Слюнявилась трава, слюнявилось небо…
Син Бин-у был один.
Плоская голова китайца пощупала шпалы, оторвалась от них и, качаясь, поднялась над рельсами… Оглянулась…
Подняли кусты молчаливые мужицкие головы со ждущими голодными глазами.
Син Бин-у лег.
И еще потянулась вверх голова его, и еще несколько сотен голов зашевелили кустами и взглянули на него.
Китаец опять лег.
Корявый палевобородый мужичонка крикнул ему:
— Ковш тот брось суды, манза!.. Да и ливорвер-то бы оставил. Куда тебе ево?.. Ей!.. А мне сгодится!..
Син Бин-у вынул револьвер, не поднимая головы, махнул рукой, будто желая кинуть в кусты, и вдруг выстрелил себе в затылок…
Тело китайца тесно прижалось к рельсам.
Сосны выкинули бронепоезд. Был он серый, квадратный, и злобно-багрово блестели зрачки паровоза. Серой плесенью подернулось небо; как голубое сукно были деревья…
И труп китайца Син Бин-у, плотно прижавшийся к земле, слушал гулкий перезвон рельсов…
Шурка — помощник машиниста — напряженно прилип к смотровой щели. Машинист Никифоров, с раздражением глядя на его круглые, побелевшие от страха щеки, спрашивал:
— Чего видишь? На пути чисто али есть кто?

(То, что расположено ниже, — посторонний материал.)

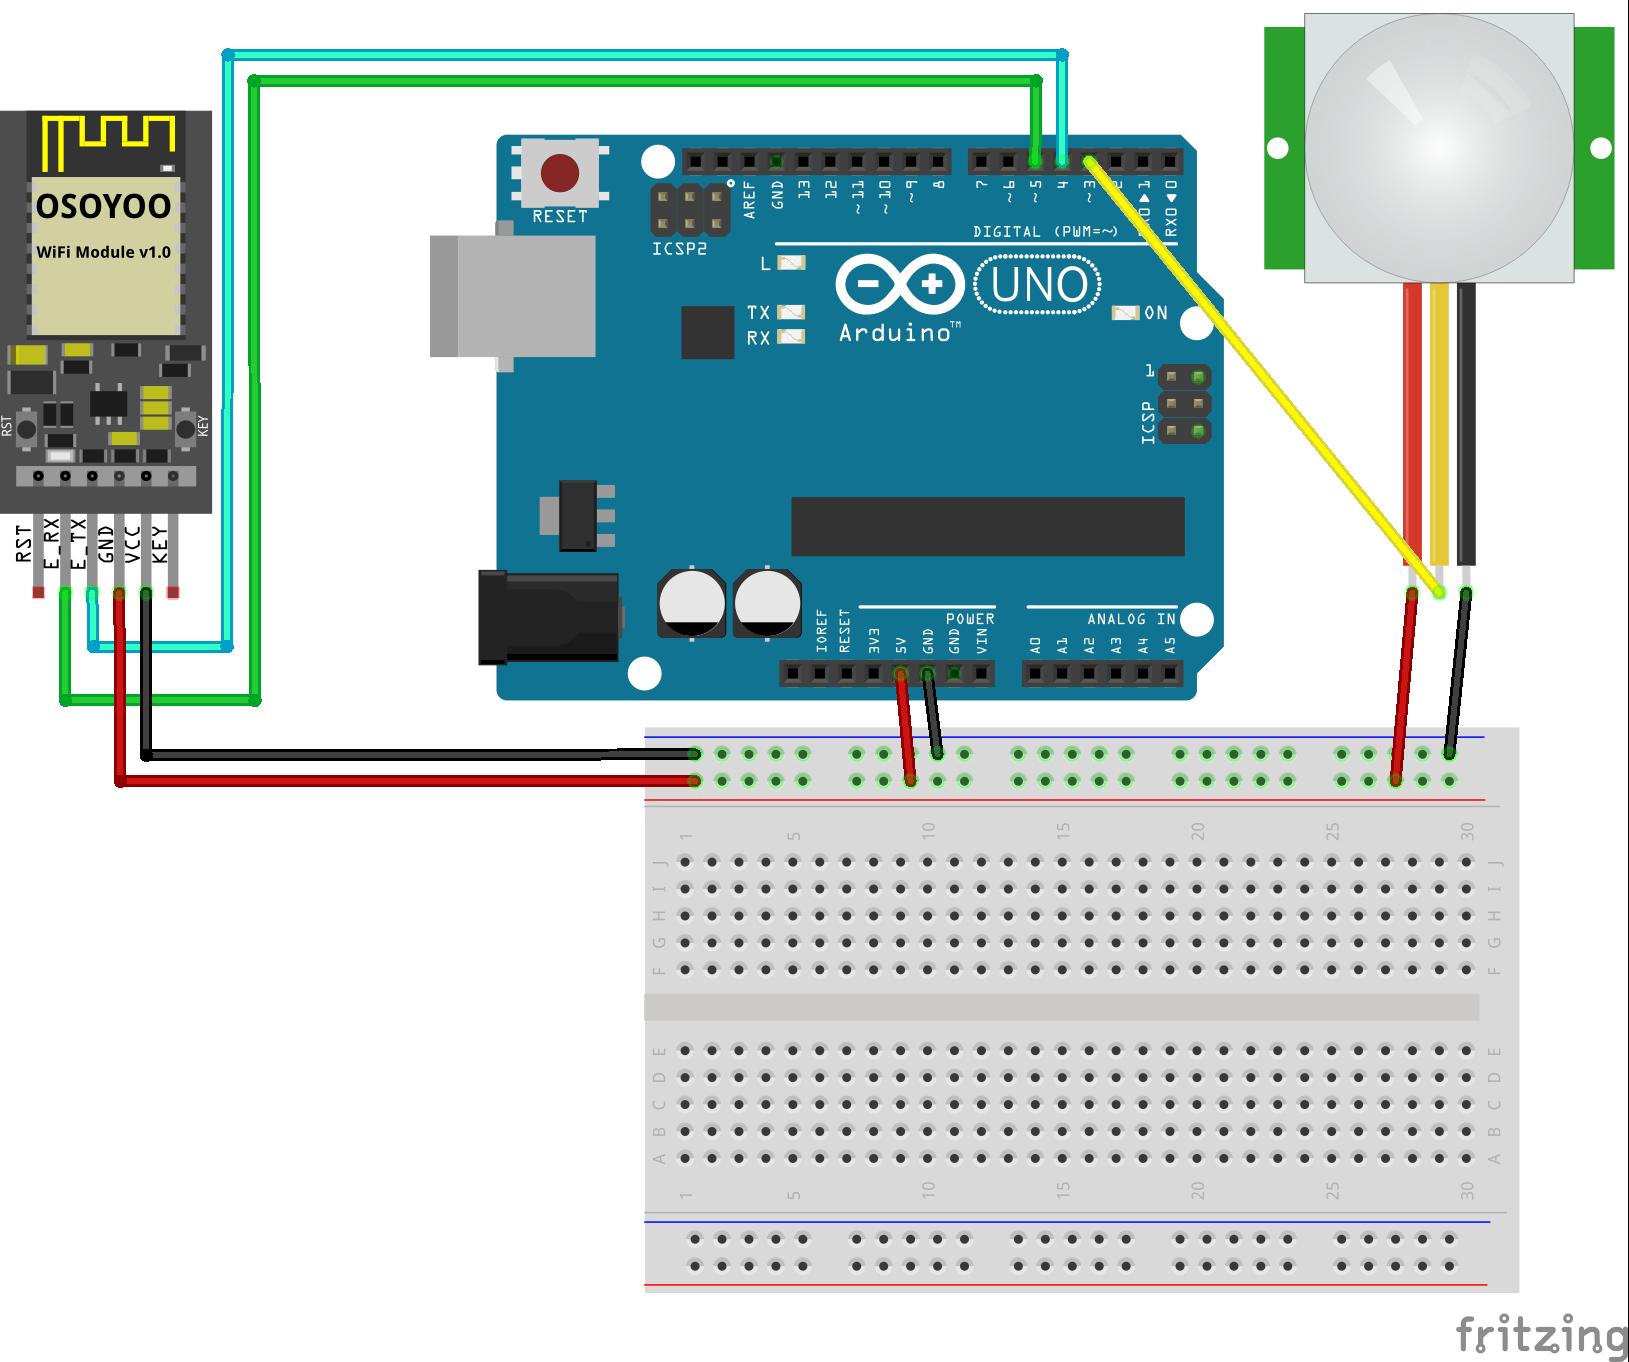 OSOYOO ESP8266 Wi-Fi Module Lesson 4: IoT Alarm System with Multiple ESP8266 modules

— Вроде бы конь… али теленок, господин машинист. — Он отрывается от щели и быстро говорит: —Человек! Лежит на рельсах и руками машет. Раненый, должно.
— Прибавь ходу!
— Как прибавь ходу, господин машинист? По инструкции…
— А я тебе, Шурка, говорю, прибавь ходу! А если боишься его перерезать, так я его из пулемета пристрелю…
Машинист Никифоров поднимается по лесенке кверху, где в будке над паровозом — пулемет.
— Не сметь!
Шурка хватает за ремень машиниста. Тот с размаху бьет его по лицу. Шурка отшатнулся, но ремня не выпустил.
Он схватил гаечный ключ и, угрожая им машинисту, повторил:
— Не сметь!
Тупо соображающий машинист наконец обиделся всерьез.
— Убью, мерзавец!
— Останавливай машину!
— Вот я тебе покажу — останавливай! — И ударил его наотмашь.
Шурка, почти в беспамятстве, отброшен к дверям. Но, быстро опомнившись и схватившись руками за голову, он истошно кричит:
— Убили-и!..
— Кого убили? Где убили? — растерянно бормочет машинист.
— Посмотри! Человека зарезал, сволочь!
Машинист Никифоров растерян. Шурка хватает его за ворот, тащит к дверям, с трудом открывает их.
— Смотри!
Выстрел. Другой.
Машинист Никифоров закрывает двери и падает.
Бронепоезд все еще движется.
Шурка тяжело ранен. Однако, собрав последние силы, он подползает к рычагу.
Паровоз дернулся. Замер.
— Крышка, — сказал Обаб. — Крышка, господин полковник. Уж я мужиков знаю.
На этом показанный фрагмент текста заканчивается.